This ornamental project aims to familiar myself with Rhino, Grasshopper, and the Python script component in order to generate parametric design. Note that I know nothing about these softwares (though arguably now I know a little bit after making this first project), but I know how to code, which made it easier to tackle the task. Investigating digital fabrication through programming made sense for me.

But I didn't want to get done with this work without the feeling that I discovered new possibilities hidden behind the super combo Rhino+Grasshopper. Each software frames certain ways of creation, I am slowly figuring out what they are. I explored different approaches to shape the third dimension of a 2D design, to investigate noise, to thicken vectorial lines, and to explore image composition with multiple versions of the pattern.

Step 1: Creating the Pattern in Python

I started with a simpler/slightly modified version of the Python program provided by my instructor, Jennifer Jacobs. This code is located in the Grasshopper Python script component. I added an element of randomness. Therefore, as you increase the r variable, the pattern gets more distorted from its original structure (when r = 0).

import rhinoscriptsyntax as rs
import math
import random

listPt = []
distX = (p2.X - p1.X)/rx
distY = (p2.Y - p1.Y)/ry

""" adding pattern of points in Rhino """
for i in range(0,int(rx+1)):
    for j in range(0,int(ry+1)):
        x = distX*i
        y = distY*j
        
        if (i*j*j % mod == 0):
            listPt.append(rs.CreatePoint(x+random.uniform(-randomness,randomness), y+random.uniform(-randomness,randomness), 0.0))
        
a = listPt

""" distance square between two points """
def dist2(p1, p2):
    return (p1.X-p2.X)*(p1.X-p2.X)+(p1.Y-p2.Y)*(p1.Y-p2.Y)
    +(p1.Z-p2.Z)*(p1.Z-p2.Z)

""" adding lines """
listLn = []

for j in range (0,len(listPt)):
    for i in range (0, len(listPt)):
        d = dist2(listPt[i], listPt[j])
        if(d < minDist and d > maxDist):
            listLn.append(rs.AddLine(listPt[i], listPt[j]))
           
b = listLn

Step 2: Creating the Third Dimensionality of the Pattern

Following parts of this tutorial found online, I created a surface made of two curves in Rhino connected through the loft component from Grasshopper. I used the Grasshopper Project component to project the points and lines created by the Python script onto the surface. Then, using the OffsetSurface component from Pufferfish, I connected the two-dimensional pattern to the projected curves. I baked the SUnion component and exported a .stl object from Rhino.

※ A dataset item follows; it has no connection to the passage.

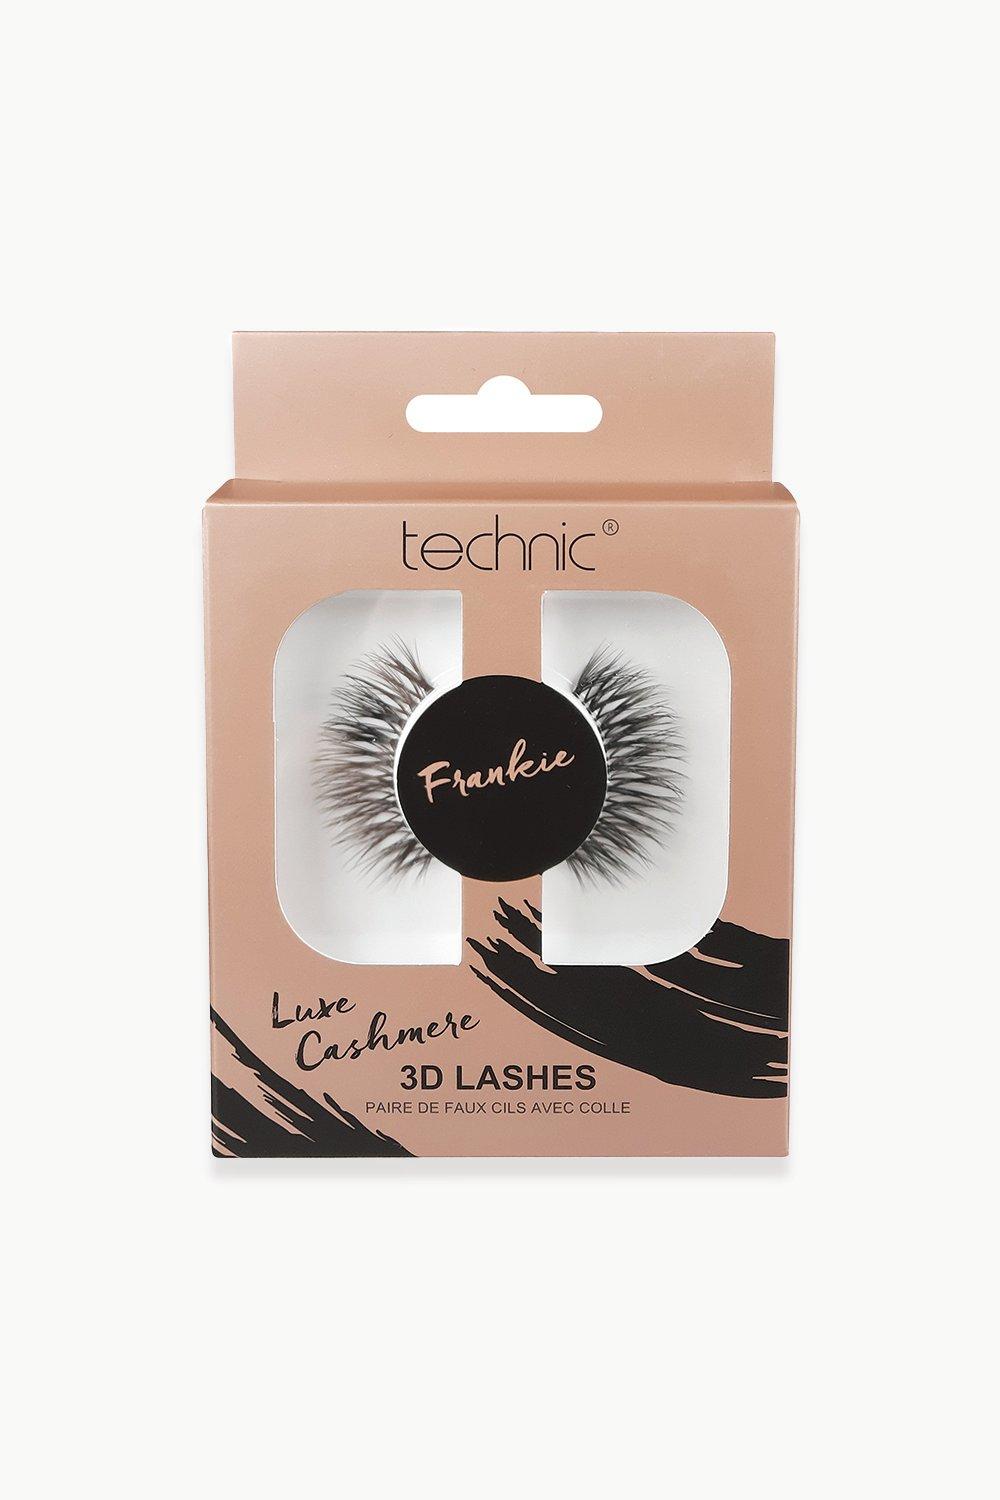 Technic Luxe Cashmere Lashes - Frankie, Black

Note that I experimented with different thickening options to finally realize that Pufferfish was also offering an offset surface component (not only an offset curve component). I also tried the Pipe option, which created weird artifacts around the junctions.

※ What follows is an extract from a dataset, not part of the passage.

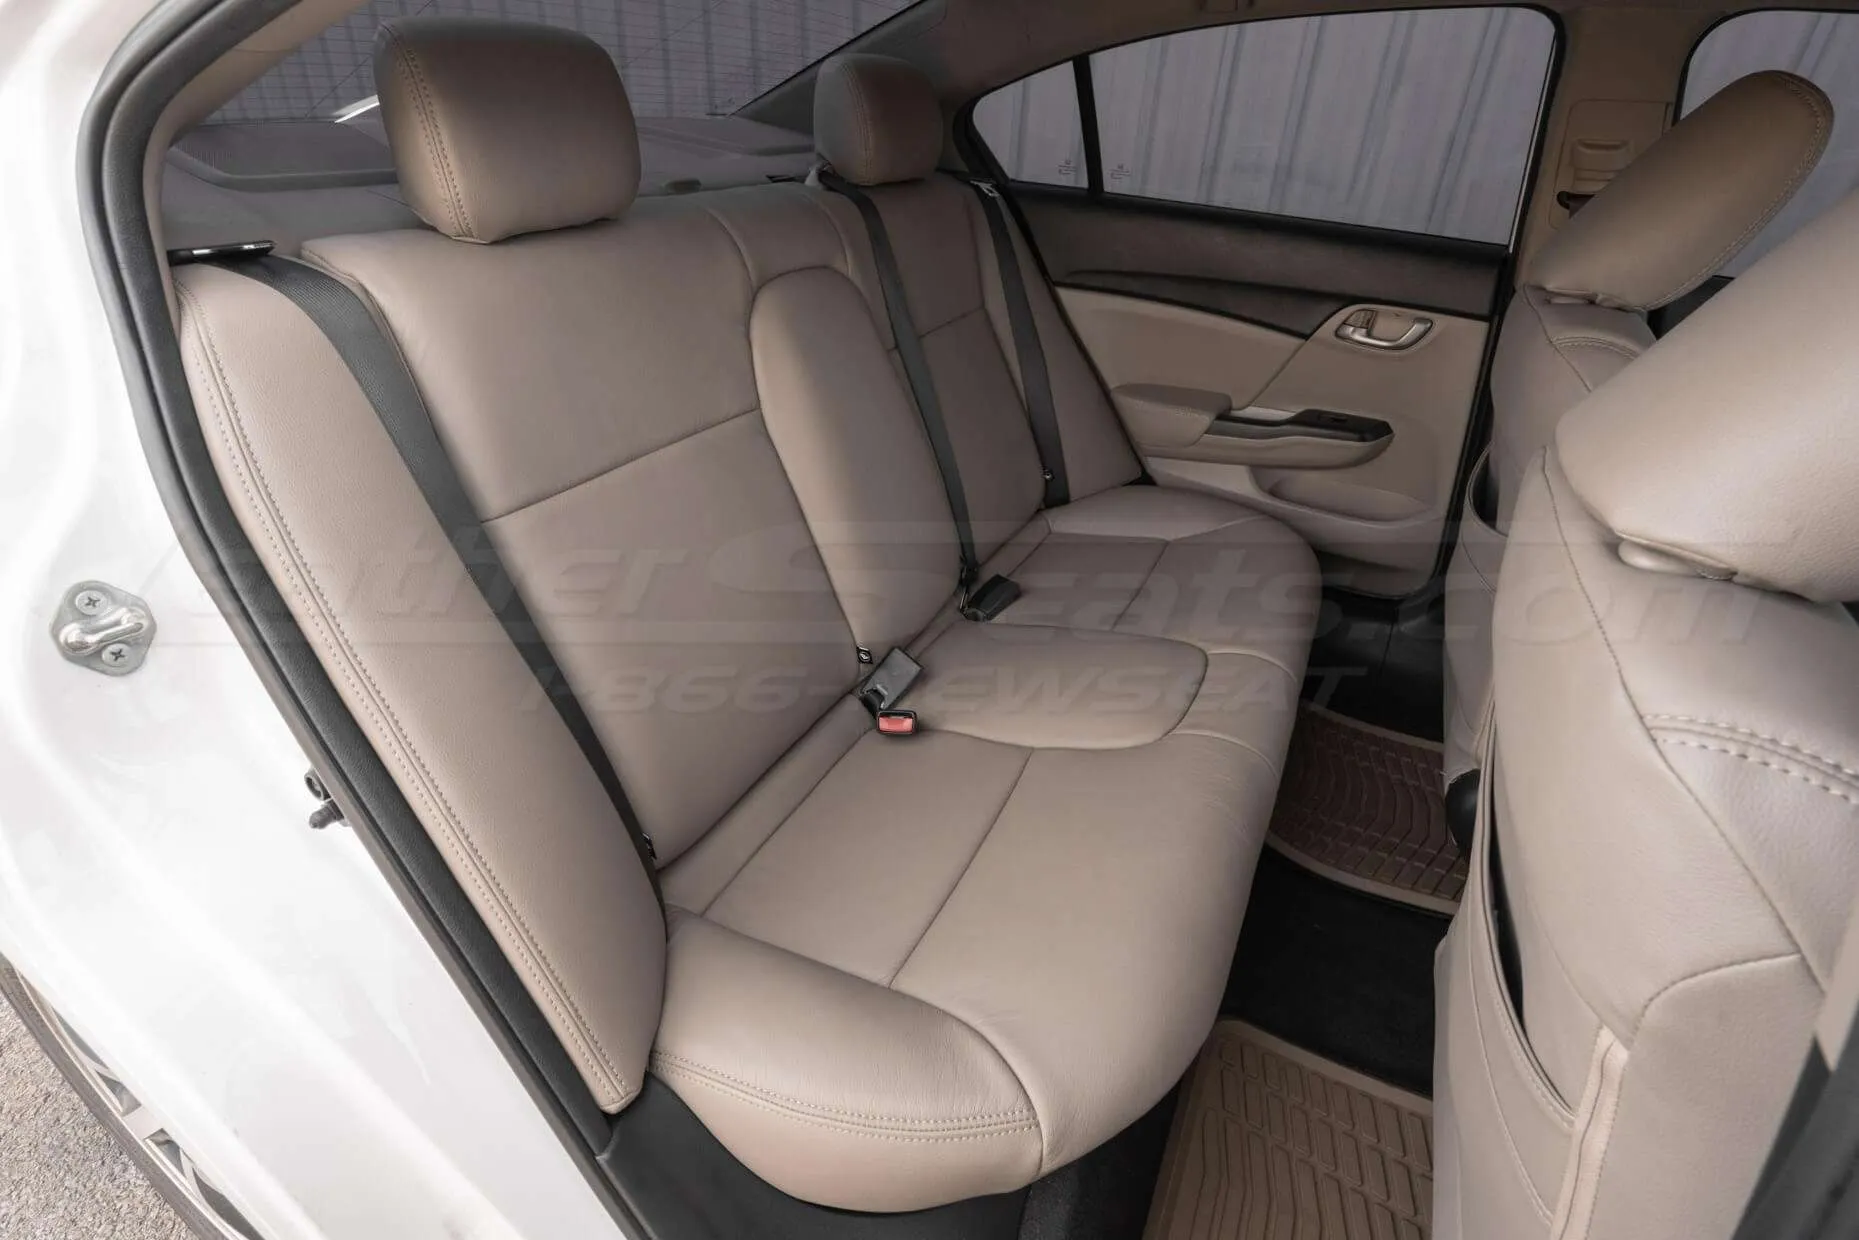 Fawn leather rear seats in Honda Civic Sedan

Step 3: Visualizing in Cura

I imported four versions of my pattern in cura to see how long the print would take if printing the four objects at the same time. It would take an hour and a half, which seems reasonable (to which standard?).

Step 4: Image Composition in Blender

I finished by visualizing the potential of ordering, moving around, combining the different versions of the pattern in space. I used Blender to do so and rendered a few shots that I found interesting. I incorporated one of my drawings in the scene in order to contemplate the design in combination with other non three-dimensional media. I wanted to begin a visual conversation between different artistic practices that I am interested in.

I also tried to generate a second design that would resemble a body in motion in response to the dancing body illustrated in the drawing. I made a pattern that reminded me dancers in action. I appreciated the contrast between the fluid shapes of the drawing and the geometrical aesthetic of the parametric design.